Выбрать главу

А с остальным делай что можешь.

Хусто обрезает последние неровные кусочки, складывая один на другой. Он находит почти неразличимый изъян. Большинство поваров в подобной ситуации инстинктивно спрятали бы менее привлекательный кусочек под идеальным. Продукты стоят денег. Больших денег.

Но Хусто не таков.

— Это все равно что носить чистую одежду поверх грязного белья, — говорит он без малейшей иронии. Неудовлетворительный кусочек отправляется в мусорное ведро.

Время — без четверти девять, и скаты уже готовы. Стол снова моют, ножи тоже. Скатов несут наверх. На разделочной доске появляется огромный тунец. Хусто снимает с рыбы кожу и показывает мне, где находится одна-единственная мягкая, надежно спрятанная кость.

— Слишком острый нож? Ты разрежешь кость и даже не заметишь.

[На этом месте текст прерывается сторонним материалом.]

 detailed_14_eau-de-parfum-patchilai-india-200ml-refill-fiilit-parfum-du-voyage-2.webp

«Городской урожай» получит едва ли не большую часть этой весьма дорогой рыбы. Хусто не нравится участок возле хвоста, и он быстро отсекает почти четверть туши. Рыбу разделывают, как для суши. Ни темных мембран, ни разлохмаченных краев. Только центральное филе. Хусто быстро разделяет его на четыре идеальных бруска, а потом, не колеблясь, режет их на кусочки, которым затем придает форму медальона. Он работает как машина. Совершенно одинаковые порции, похожие на хлебную нарезку, падают на доску. Они равны в длину и в ширину, одного веса. Хусто буквально извиняется за то, что на доске остается еще огромный кусок прекрасного мяса, отвергнутый не из-за качества, а из-за размера. После обрезки он, вероятно, обойдется ресторану в двадцать пять долларов за фунт.

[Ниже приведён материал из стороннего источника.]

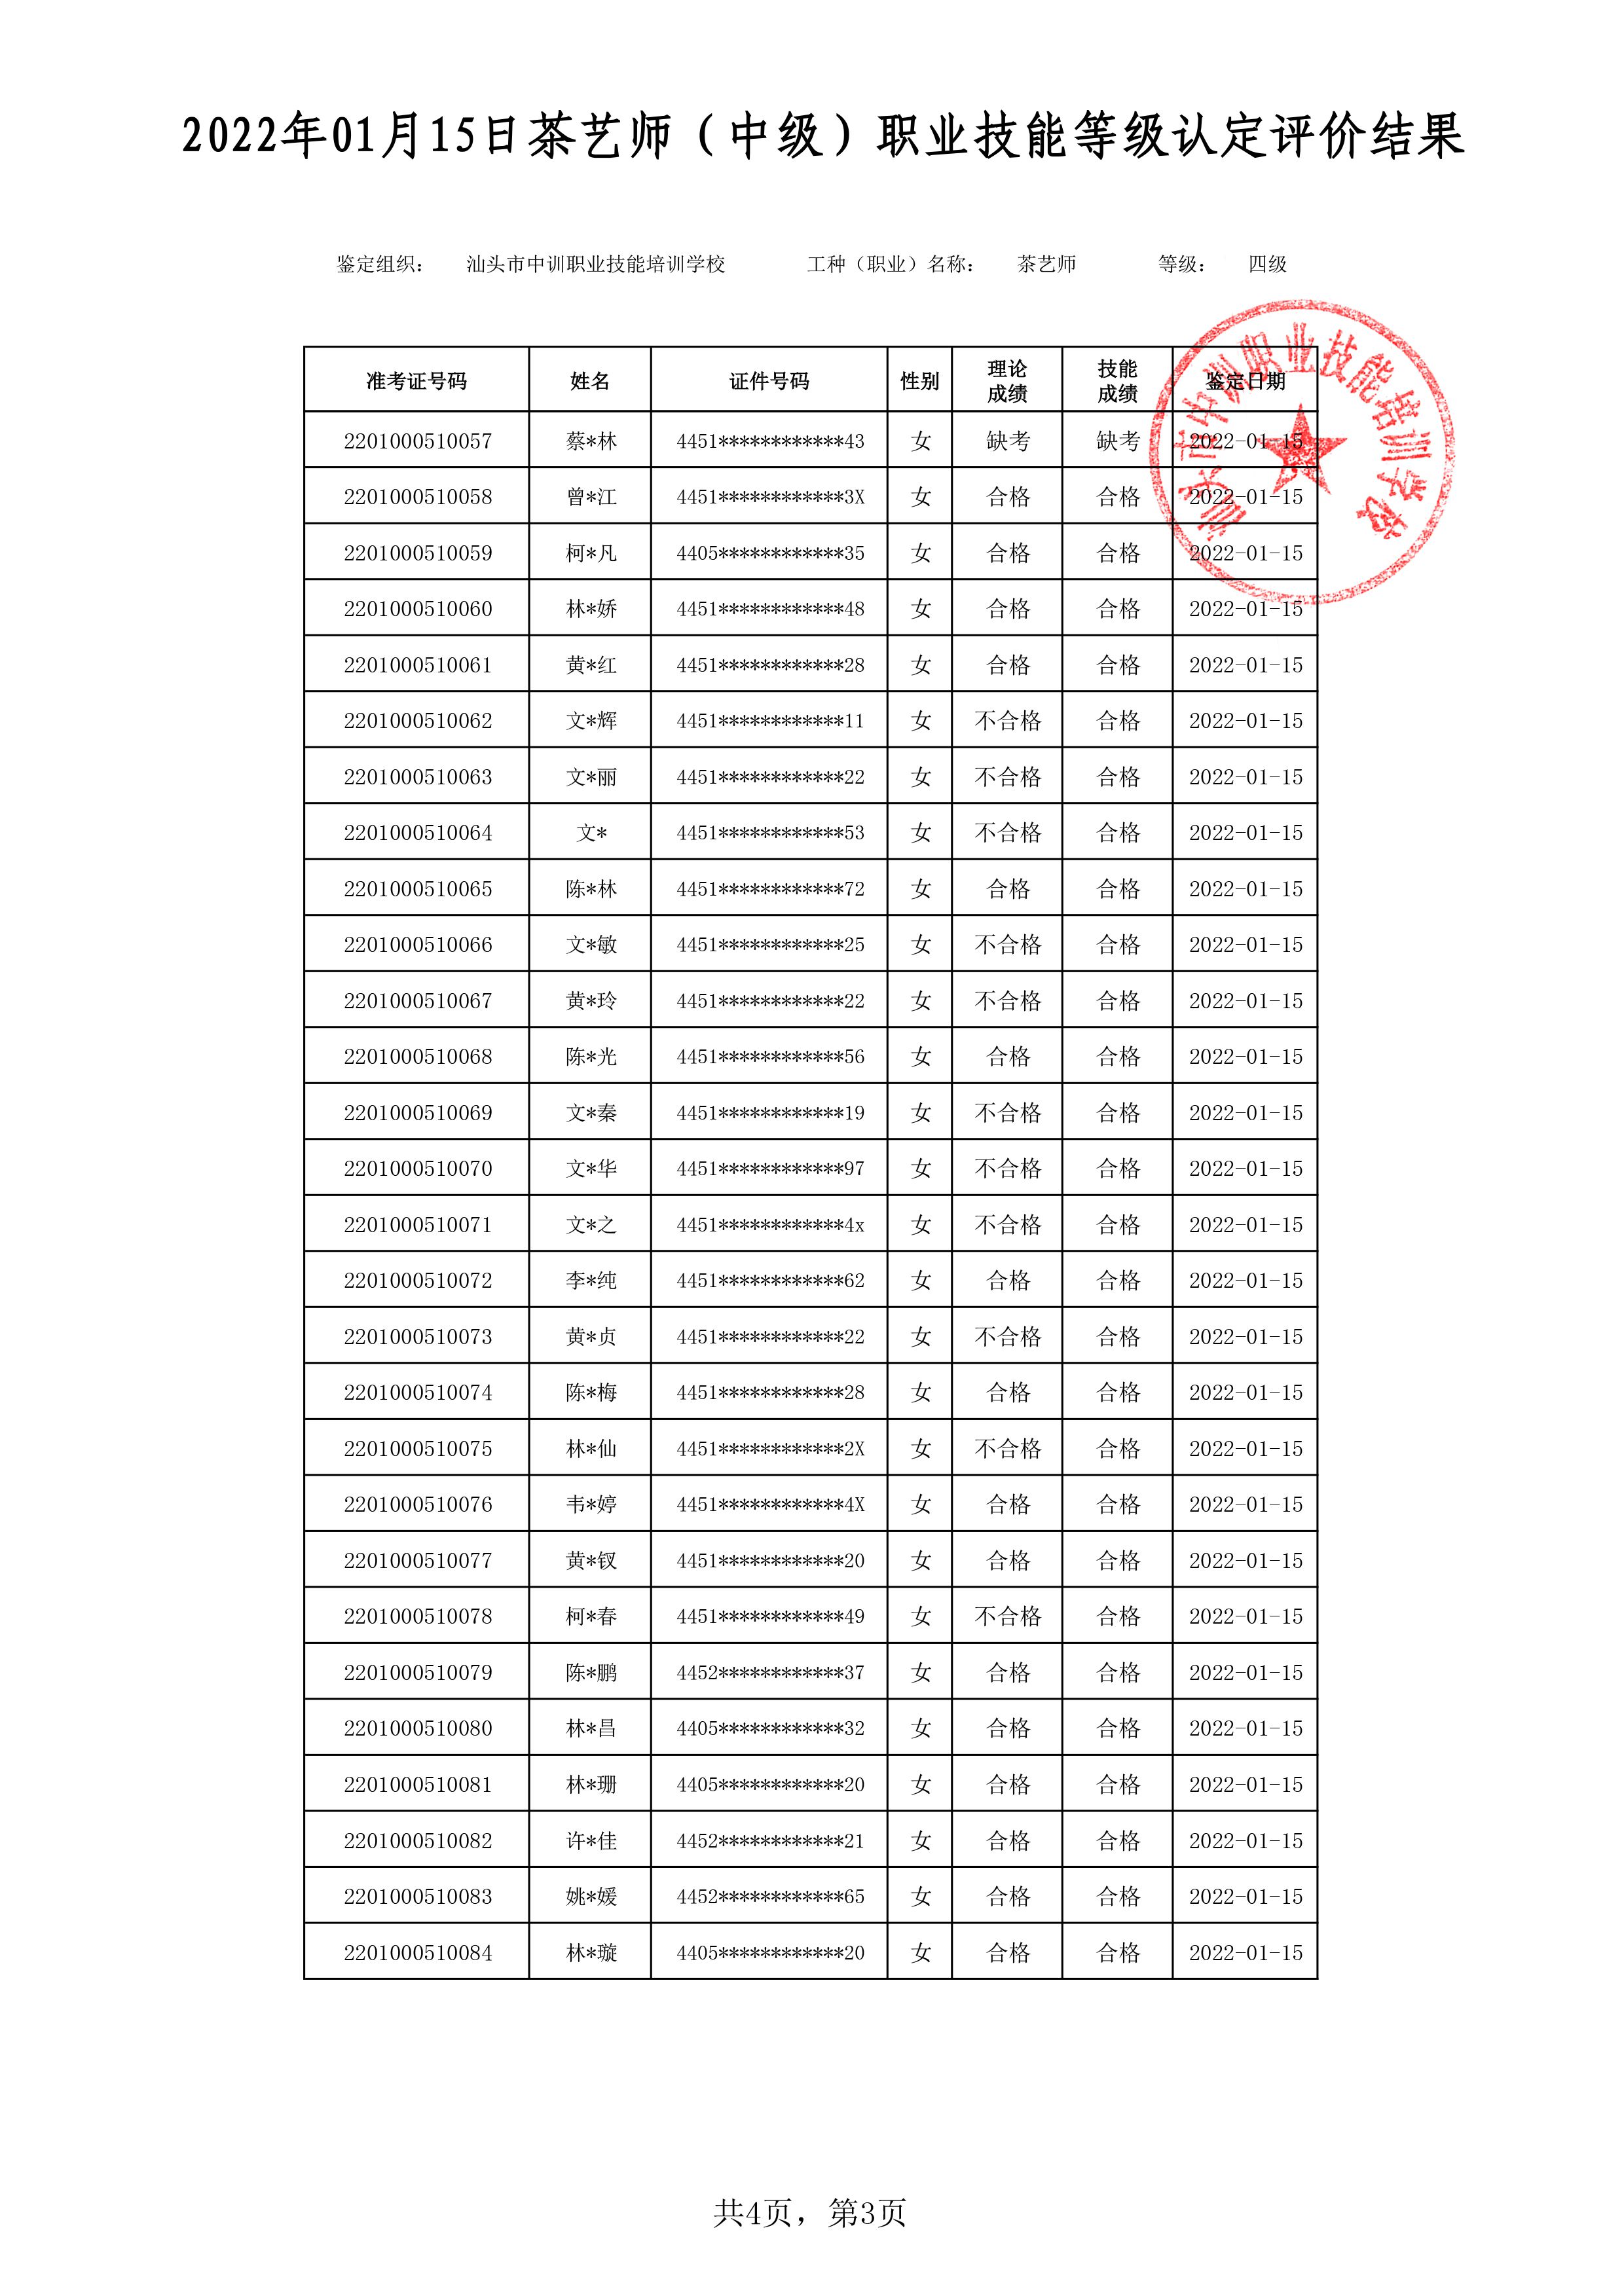 22-01-15四级茶艺师考试鉴定名册表-3 副本.jpg

— Трудно сбалансировать пригодное и непригодное, — признает он.

Четверть десятого — и Хусто вываливает в раковину огромное количество морских чертей.

Это — скользкие уродливые морские создания. Они невероятные вкусные — нужно только снять склизкую кожу и удалить розовое и красное.

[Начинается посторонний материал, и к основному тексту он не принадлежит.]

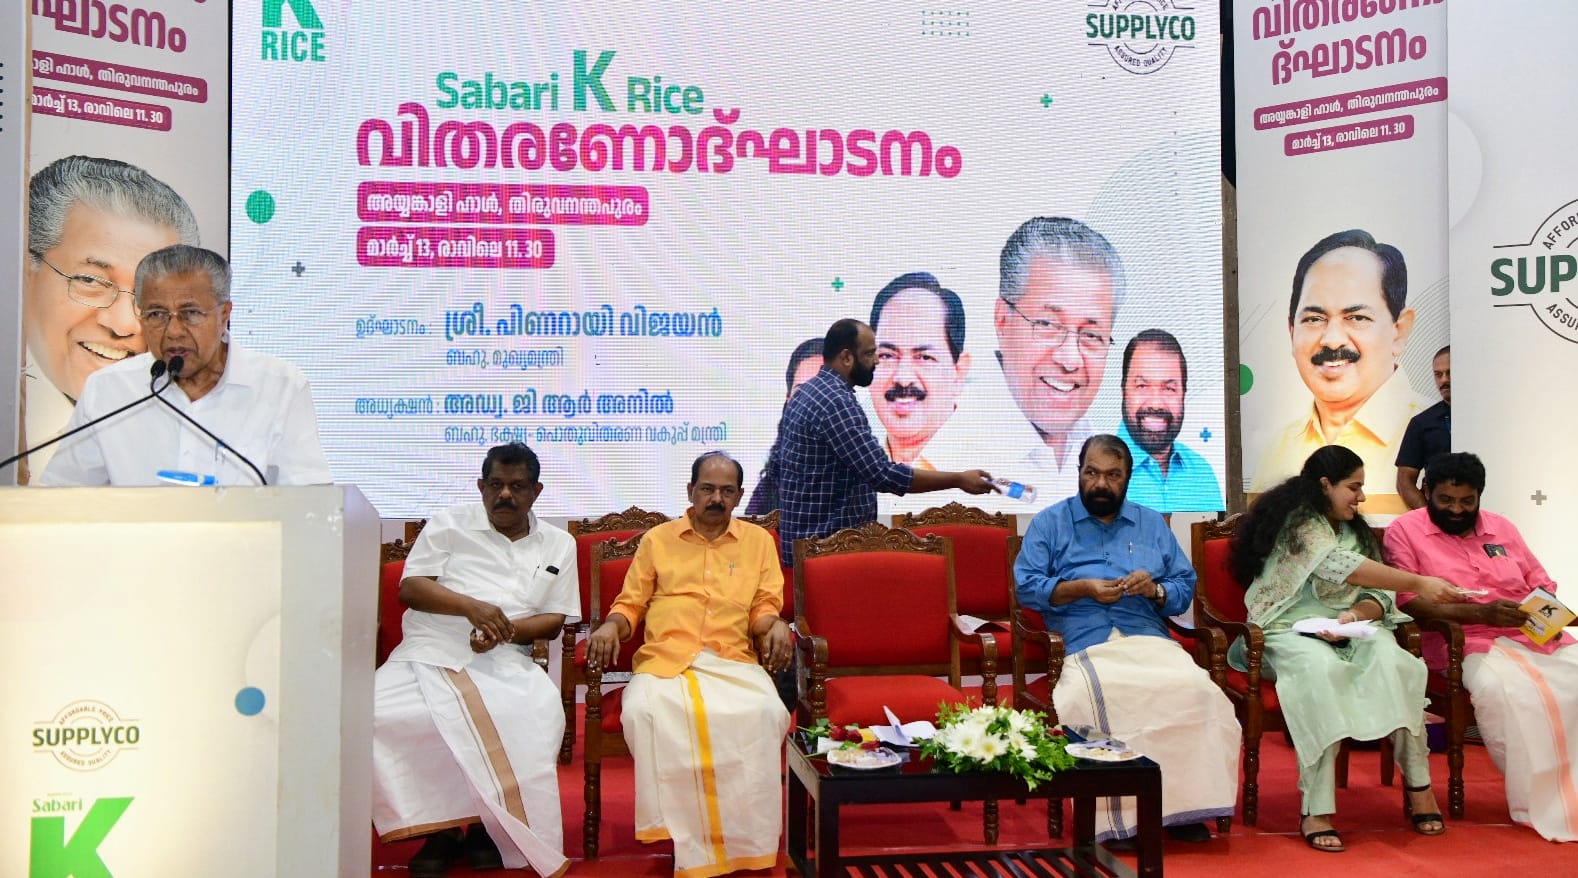 Chief Minister Pinarayi Vijayan inaugurating the launch of K-Rice in Thiruvananthapuram. (Supplied)

— Этот нож — только для них, — говорит Хусто, извлекая длинный нож, который некогда, вероятно, был самым обыкновенным, но за годы использования стал тонким и извилистым. Как только мясо срезано с костей — одно филе за раз, — Хусто берет рыбу за хвост и проводит гибким ножом вдоль тела, снимая кожу. Легким движением он срезает все розовое и красное.

В комнате царит абсолютная тишина, и я спрашиваю, не слушает ли он музыку за работой.

Хусто энергично трясет головой:

— Я должен сосредоточиться.

Музыка отвлекает, и он может порезаться. Это не так уж страшно для него, но губительно для продукта.

— Не хочу, чтобы на рыбу попала кровь. Я тут не дурака валяю. Я работаю быстро, потому что я расслаблен и ни о чем не думаю.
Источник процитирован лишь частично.